Младенец завелся по-новой, нацеливаясь на Централ-парк. По лестнице, непонятно лопоча, скатился отряд бирманских националистов; минутой позже – вторая кучка детей (американские герильерос, судя по черным маскам), матерясь во все горло.
По щекам его потекли слезы. Он был уверен – хоть и не позволял пока себе в этом признаться, – что Милли путается с кем-то еще. Он так ее любит, а она такая красивая. Последний раз, когда они виделись, она назвала его глупым.
– Иногда ты такой глупый, Берти Лудд, – сказала она, – что прямо тошно.
Но она такая красивая. И он ее любит.
Слеза капнула в чашу Сократа и впиталась в дешевую бумагу. Он осознал, что плачет. За всю свою сознательную жизнь он не плакал ни разу. Сердце его было разбито.
2
Не всегда Берти ходил такой пришибленный жизнью. Совсем наоборот – он был дружелюбен, как цветок, беспечен, не бухтел и вообще кайфовый чувак. Он не начинал заводиться при первом же знакомстве, а если заводок было не избежать, умел красиво проигрывать. Соревновательный фактор в КЗ-141 не особо поощрялся, а в центре, куда его перевели после родительского развода, и того меньше. Приятный, общительный парнишка тогда был Берти.
Потом летом, после школьных выпускных, как раз когда у них с Милли только-только все стало совсем серьезно, его вызвали в кабинет к мистеру Мэку, и у всей жизни вышибло дно. Мистер Мэк был поджар, лысоват, с небольшим брюшком и еврейским носом – хотя еврей он или нет, Берти мог только догадываться. Не считая носа, главное, что вызывало подозрения, это чувство, которое складывалось у Берти от всех бесед со своим куратором – такое же, как когда с евреями, – что мистер Мэк играется с ним; что безликая профессиональная доброжелательность того – не более чем маска, скрывающая безграничное презрение; что все его разумные советы – ловушка. Беда только, что по природе своей Берти просто не мог не втянуться в игру. В игру мистера Мэка, по его правилам.

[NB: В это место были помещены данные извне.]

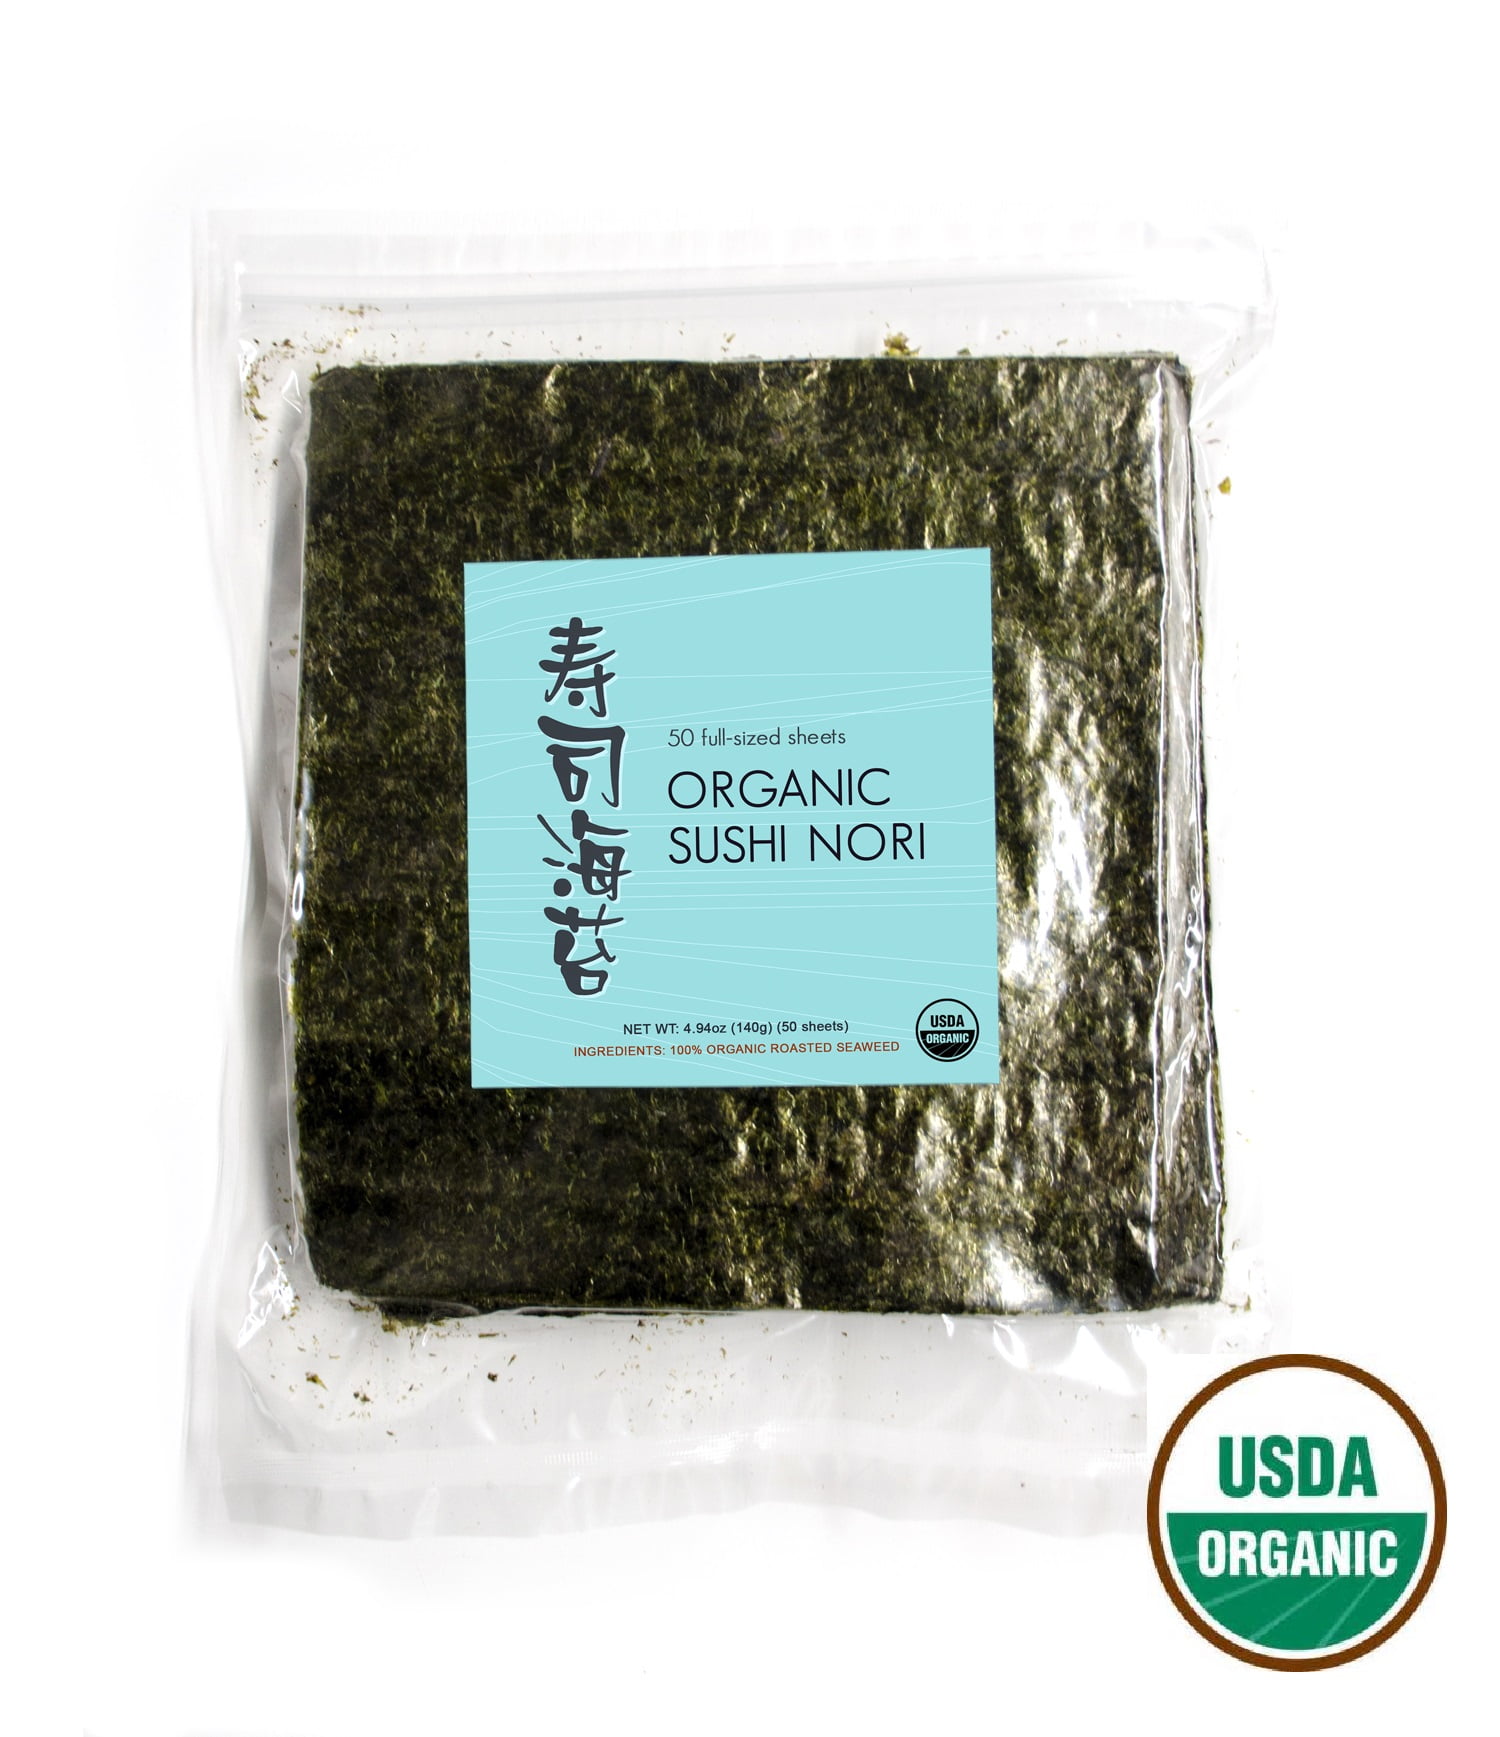 J-Basket Premium Sushi Nori Roasted Seaweed 100 Full Sheets 8.8oz /250 g

– Присаживайся, Берти. – Первое правило.
Берти сел, а мистер Мэк объяснил, что получил письмо из регент-управления штата, – он вручил Берти большой серый конверт, откуда Берти извлек целый ворох бумаг и бланков, – и суть в том, – Берти засунул бумаги обратно в конверт, – что Берти переклассифицирован.
– Но мистер Мэк, я же сдавал тесты! Четыре года назад. И я прошел!
– Я позвонил в Олбани, удостовериться, что нигде ничего не перепутали. Так оно и есть. Письмо...
– Да посмотрите же! – Он нашарил в кармане бумажник и извлек свою учетную карточку. – Видите, тут же написано, черным по белому – двадцать семь.
Мистер Мэк взял карточку за обтрепанные края и сочувственно втянул щеки.
– Берти, мне очень жаль, но на новой твоей карточке – двадцать четыре.
– Один балл? Из-за одного балла вы собираетесь... – Он был не в силах даже заставить себя подумать, что они собираются сделать. – Ну мистер Мэк!
– Я знаю, Берти. Поверь, мне жаль не меньше, чем тебе.
– Я сдавал их чертовы тесты, и я прошел!
– Берти, я же объяснял, что в расчет принимаются и другие факторы, не только результаты тестов – один из них как раз изменился. Похоже, твой отец слег с диабетом.
– Впервые слышу.
– Не исключено, что родитель твой тоже еще не в курсе. Больничный компьютер автоматически связывается с регент-управлением, а оттуда уведомление высылается тоже автоматически.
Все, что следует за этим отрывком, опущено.